Dive Brief:
- Companies think about cyberspace in the wrong way, failing to treat it like the "live-fire, combat environment" it is, said Dr. Chase Cunningham, principal analyst at Forrester, speaking at a Forrester event in National Harbor, Maryland Thursday.
- "This is where things get very unfair," said Cunningham. Individuals are often alone against bad actors who don't need training to be dangerous. Cyberspace today has no rules of engagement and it "doesn't require [bad actors] to know what they're doing."
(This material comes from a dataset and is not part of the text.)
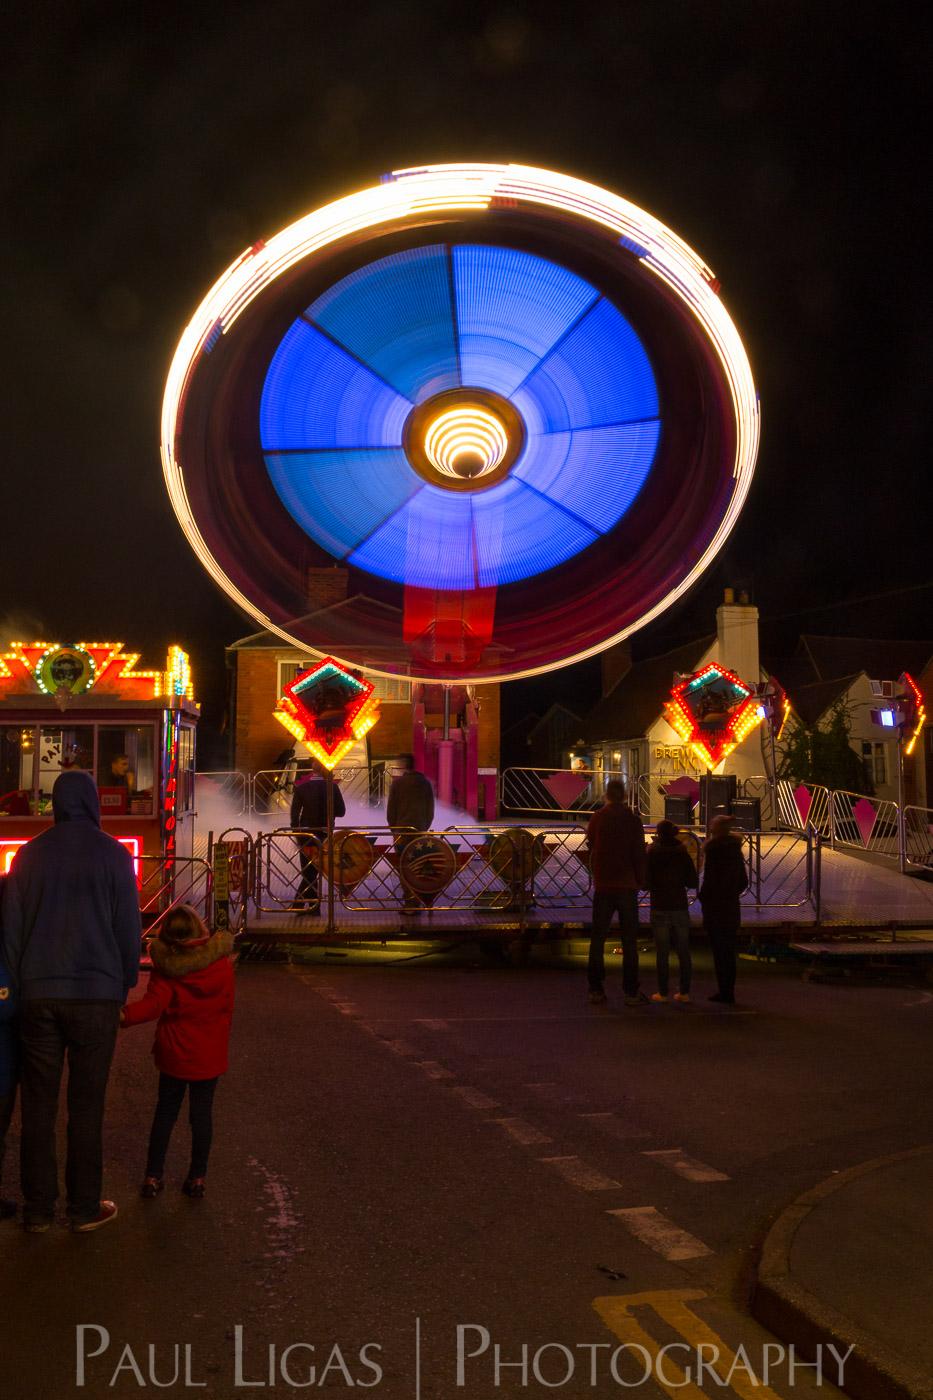 The Ledbury Fair, Herefordshire, people, street photographer photography event candid 2274

- Instead of sophisticated nation state actors carrying out attacks, they are likely run-of-the-mill cybercriminals, buying and selling services on the dark web, according to Wendi Whitmore, VP of X-Force Threat Intelligence at IBM, while speaking at the event. The dark web is the third largest economy in the world.
Dive Insight:
The Department of Defense declared cyberspace a warfighting domain about a decade ago and the frequency at which individuals are using cyber weapons is increasing.
Destructive malware attacks have increased 200% year-over-year, according to Whitmore. On average, destructive malware attacks can destroy up to 12,000 systems which requires a rebuild, spiking costs up to about $239 million per attack, according to IBM X-Force research.
Destructive malware combines the intention of stealing data and the act of destroying it or the infrastructure it was stolen from. It's often used in retaliation during a ransomware attack when a victim refuses to pay a ransom.
Destructive malware is easy to buy and sell on the dark web, according to Whitmore. There are about 6,300 dark web bazaars selling some variant of ransomware with prices ranging from 50 cents to $3,000.
Anyone with an appetite for destruction — or at the very least, malicious curiosities — has the ability to cost an entity millions of dollars. "Stop thinking about cyberspace as just a place where you use the internet. You're actively engaged in combat," said Cunningham.